As their implementation into clinical practice is already in progress, 3PM-based approaches are becoming increasingly accessible to patients. However, to date, only a small number of them are applicable for the detection of MSI events in plasma, blood or tumour tissue with a low ctDNA fraction. As discussed in this review, technical and biological difficulties slowed down the introduction of these methods to clinical diagnostic laboratories. Therefore, newly available bioinformatics and computational algorithms must meet specific criteria, such as the ability to deal with unique characteristics of MS motifs, DNA slippage events or PCR errors introduced into homopolymeric sites during sequencing as well as alignment errors due to short read length.

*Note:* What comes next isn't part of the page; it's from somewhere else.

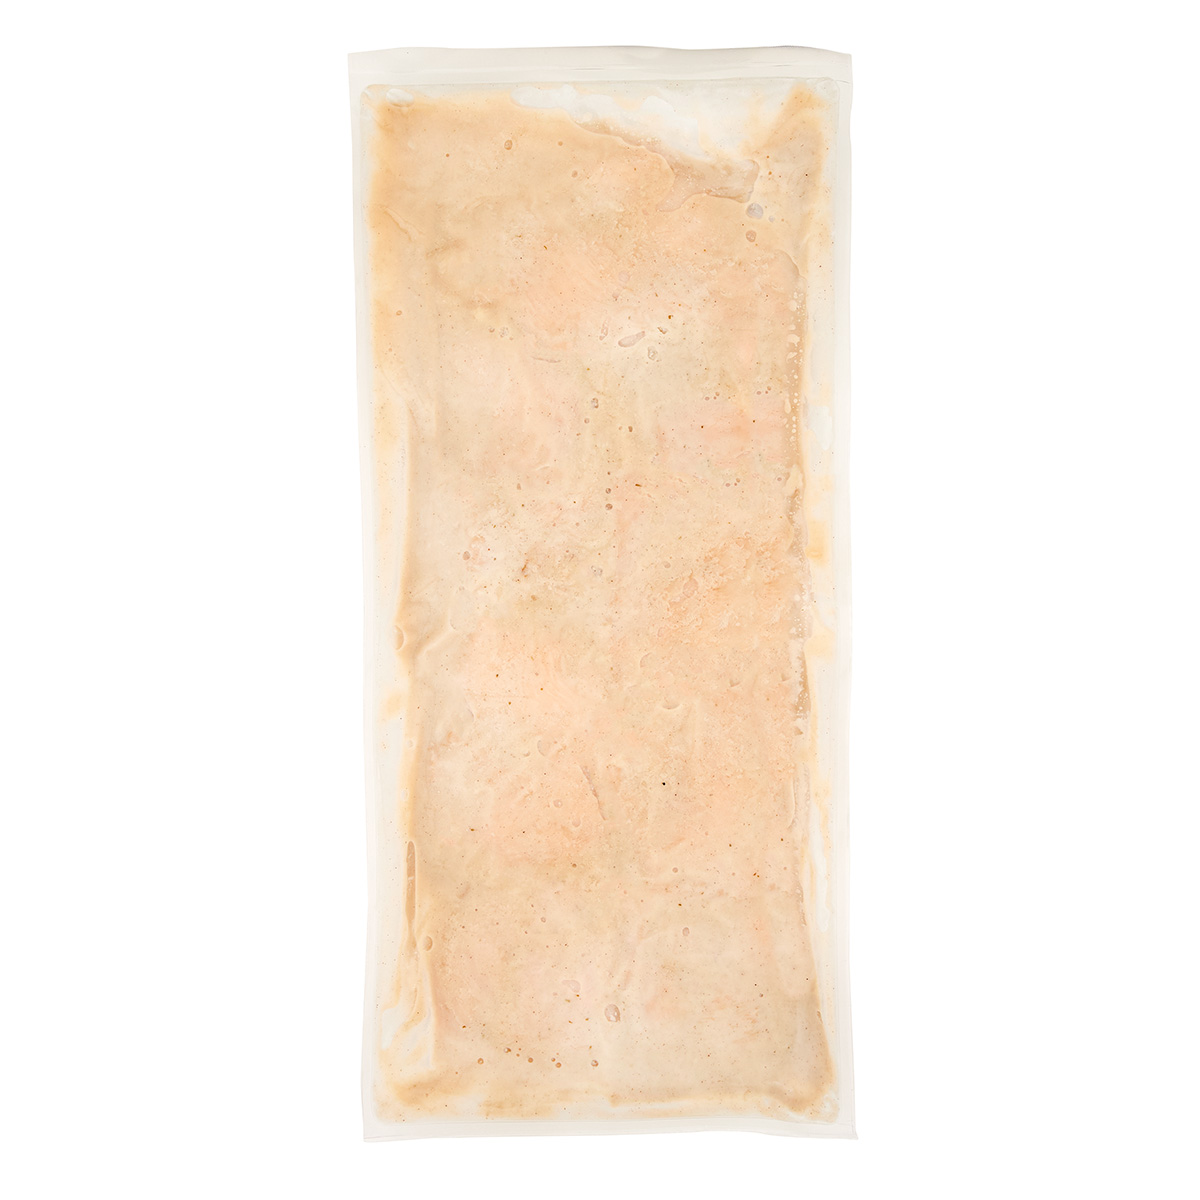 Flash 180 battered sous-vide cooked chicken breast product in package

We compiled a comprehensive list of high-throughput strategies and computational tools for MSI evaluation based on tissue and liquid biopsy. In the context of less invasive methods so far not used to the extent of their potential, there is growing evidence that ctDNA provides a highly concordant source of MSI-affected alleles. Liquid biopsy-derived methods thus increase patient access to standard-of-care-targeted therapies by quickly identifying the cases that are otherwise difficult to find due to tissue sampling limitations. With an increasing number of studies promoting the use of ctDNA and/or low-coverage sequencing data, many new in-house MSI screening tools are likely to be designed soon. In addition, using the MPS data enables analysis of other cancer-related signatures, facilitating the adoption of MSI clinical testing and supporting personalised cancer therapy. When the third generation of sequencing gains a foothold in cancer research, it will bring along its own tools for data analysis. Moreover, in the age of individualised and precise treatment, these strategies can no longer be ignored.